> _TASK OBJECTIVE_
From the records below, print only the part that opens with the line containing "Synnøve Macody Lund" and closes with the line containing "Swetry Z Okrągłym"; omit the pictures.

> _SOURCE DATA_
******************************

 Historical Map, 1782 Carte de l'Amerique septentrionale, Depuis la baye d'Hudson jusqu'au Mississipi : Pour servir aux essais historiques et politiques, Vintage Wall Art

******************************

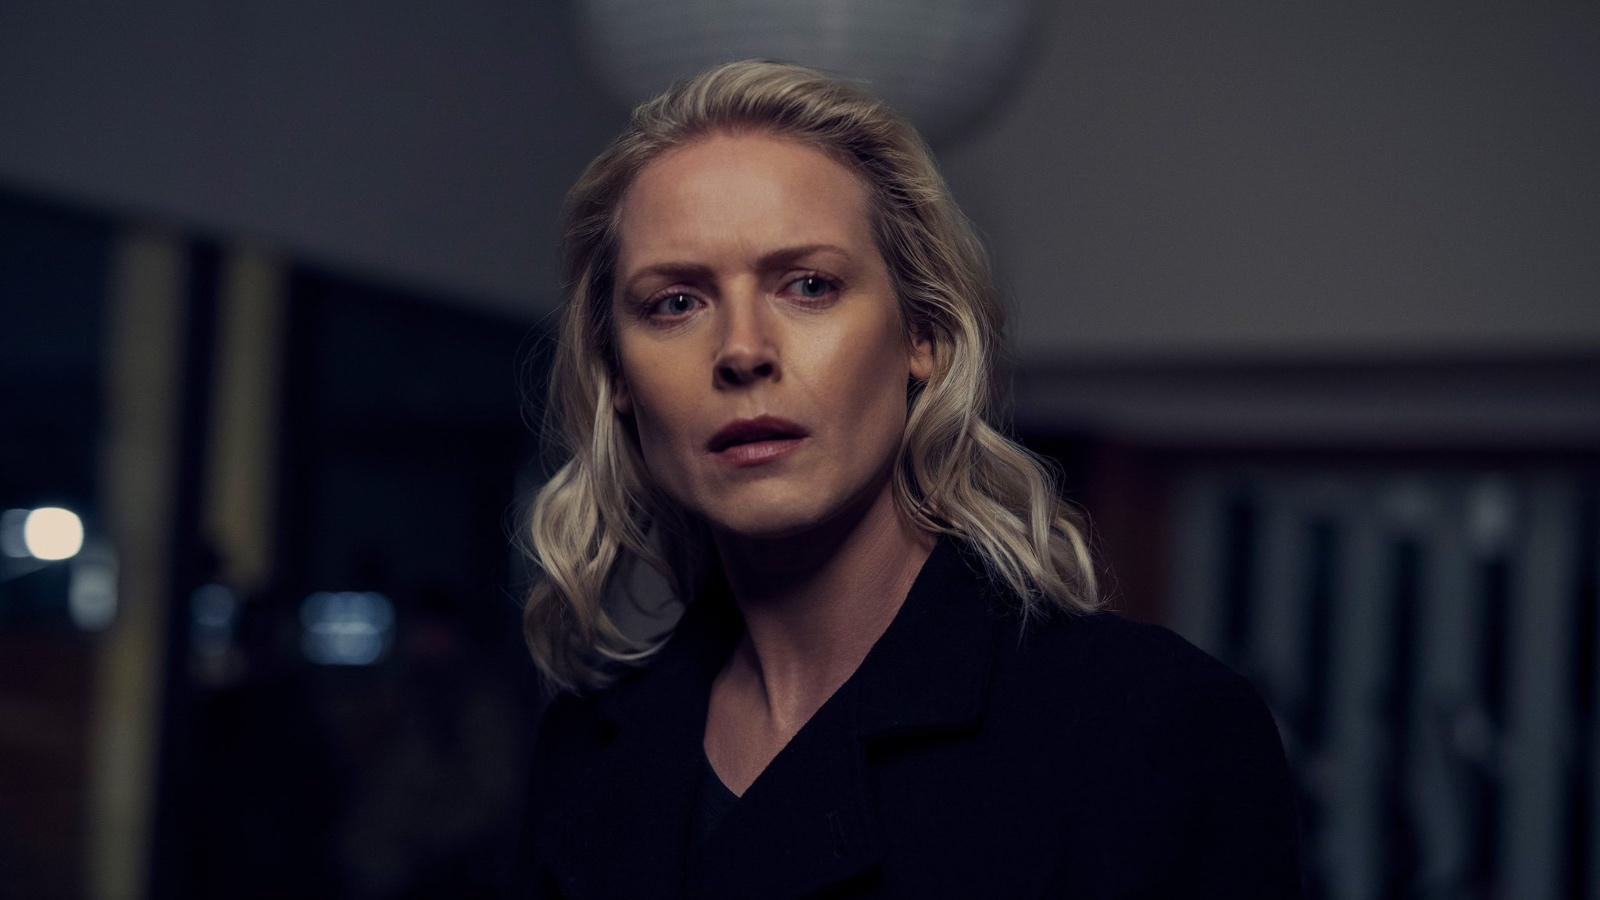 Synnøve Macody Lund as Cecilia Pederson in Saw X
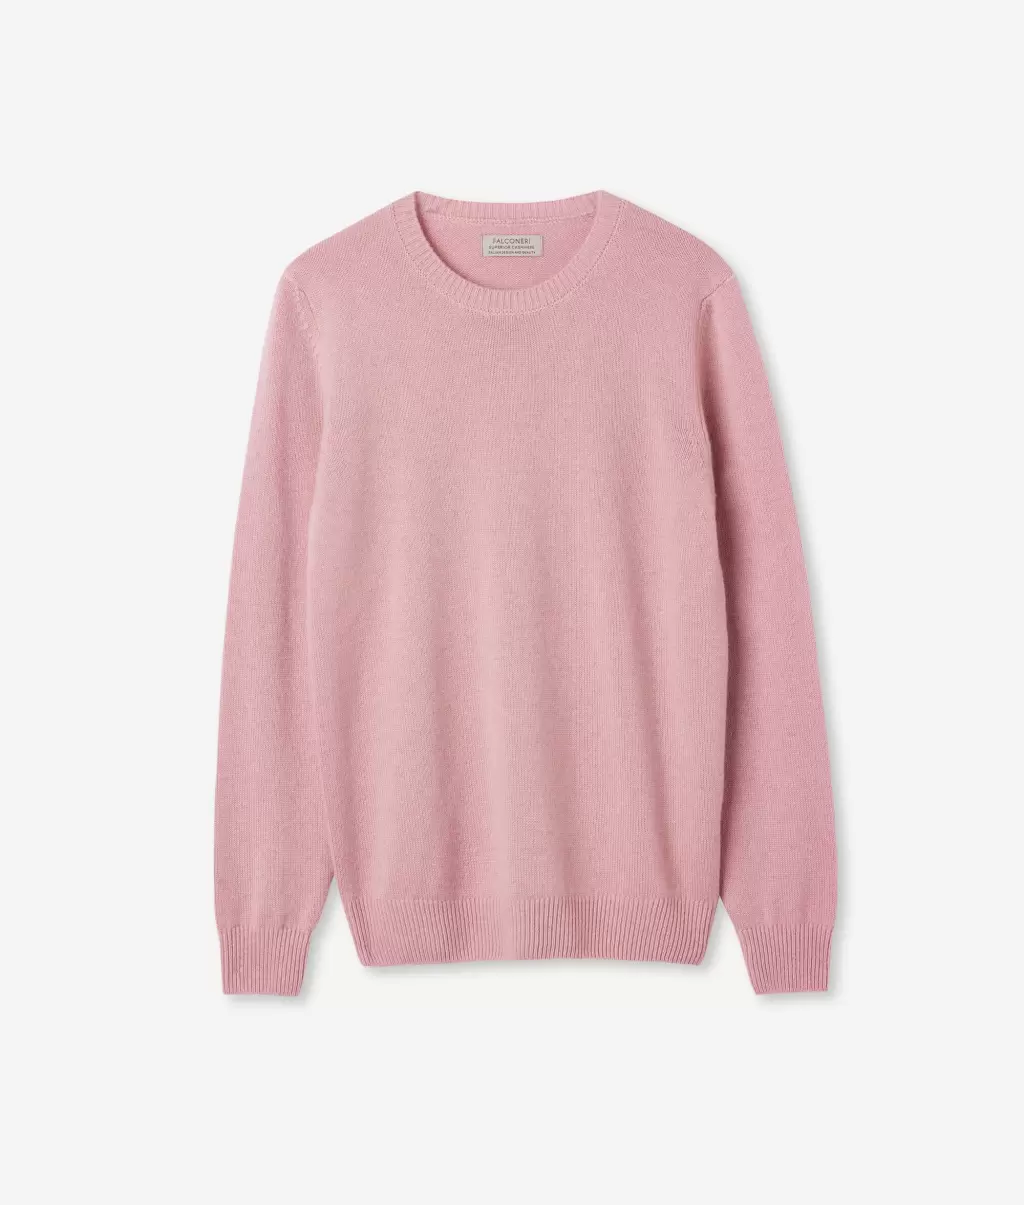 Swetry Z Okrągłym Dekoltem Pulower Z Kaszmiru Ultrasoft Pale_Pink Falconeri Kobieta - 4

******************************

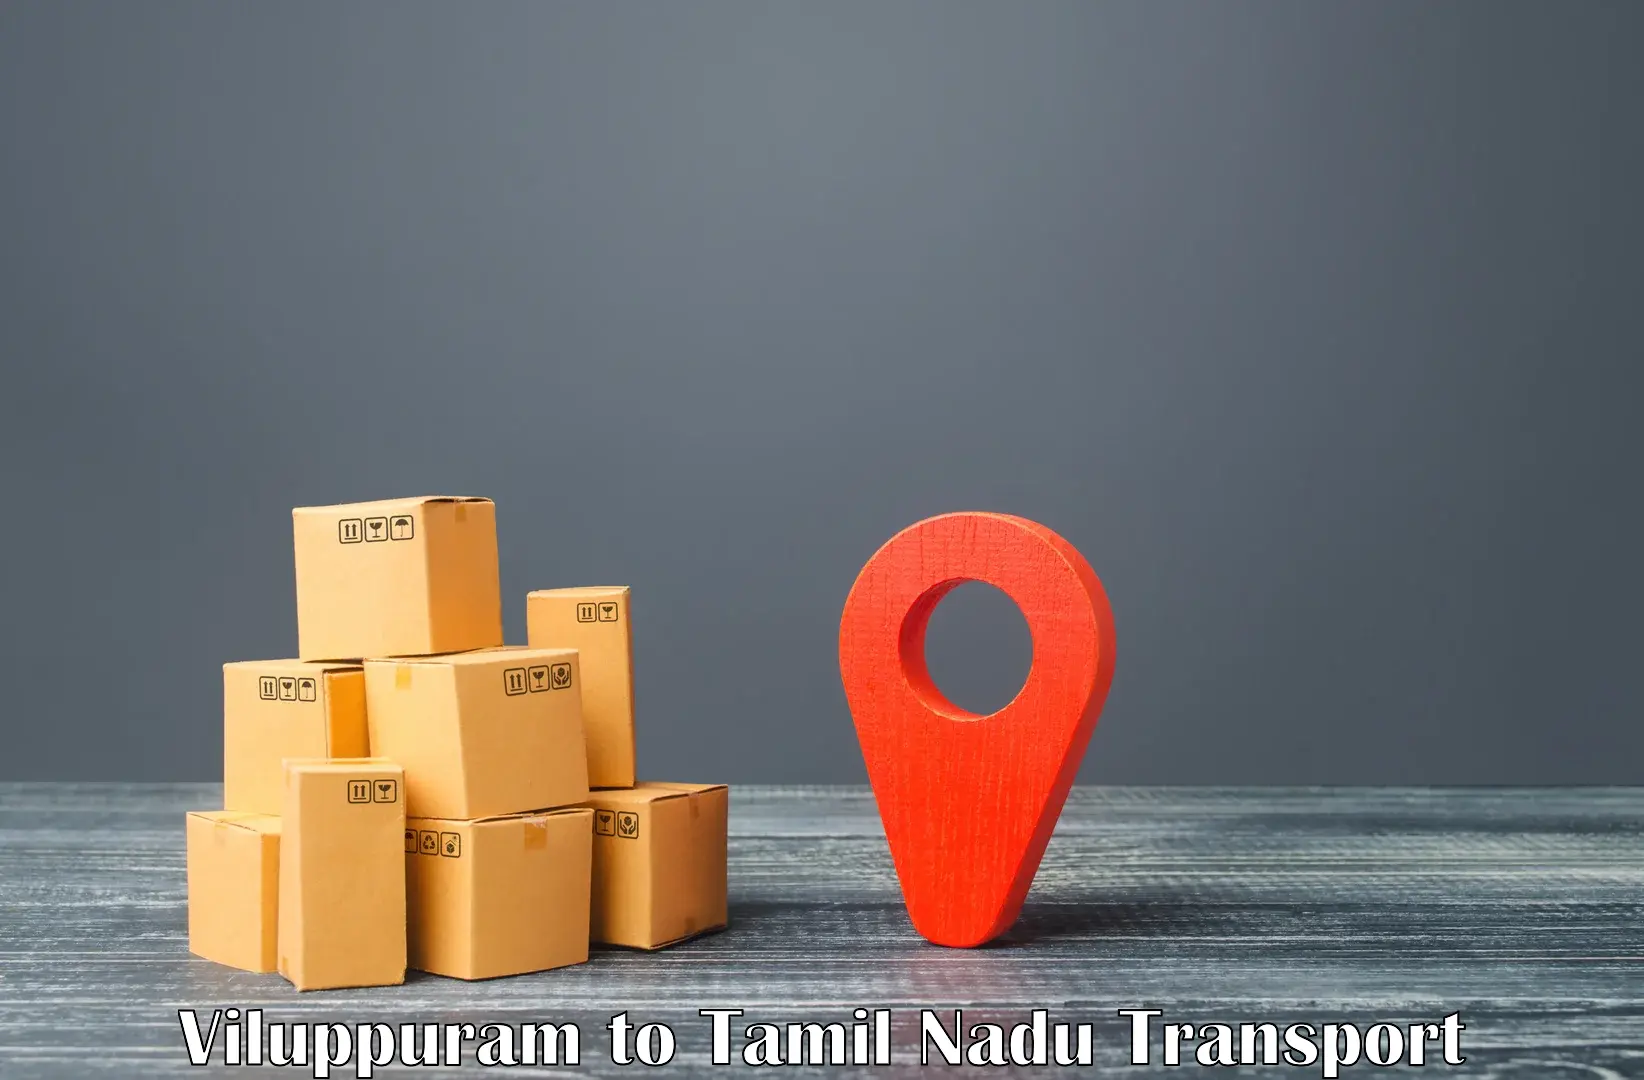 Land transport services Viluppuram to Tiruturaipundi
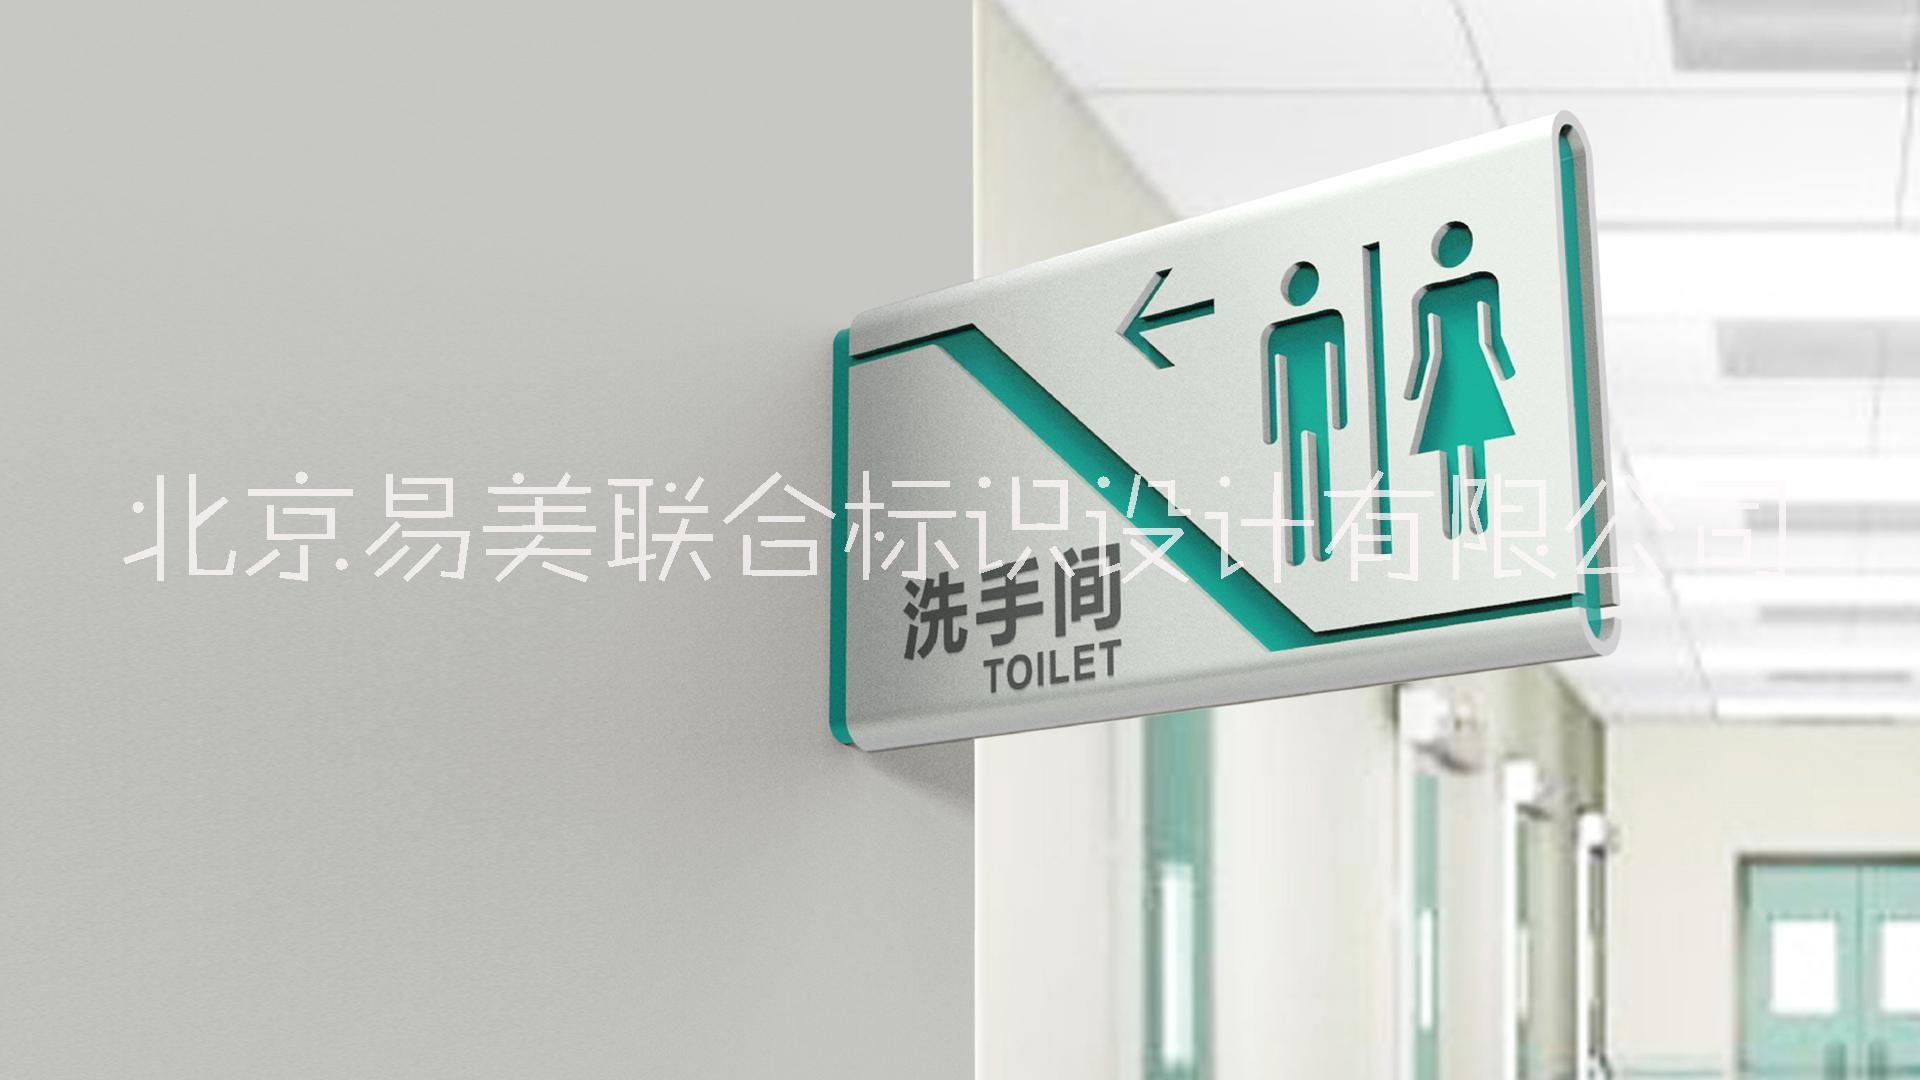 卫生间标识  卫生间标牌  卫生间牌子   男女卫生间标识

******************************

> _TASK OUTPUT_
 Synnøve Macody Lund as Cecilia Pederson in Saw X
 Swetry Z Okrągłym Dekoltem Pulower Z Kaszmiru Ultrasoft Pale_Pink Falconeri Kobieta - 4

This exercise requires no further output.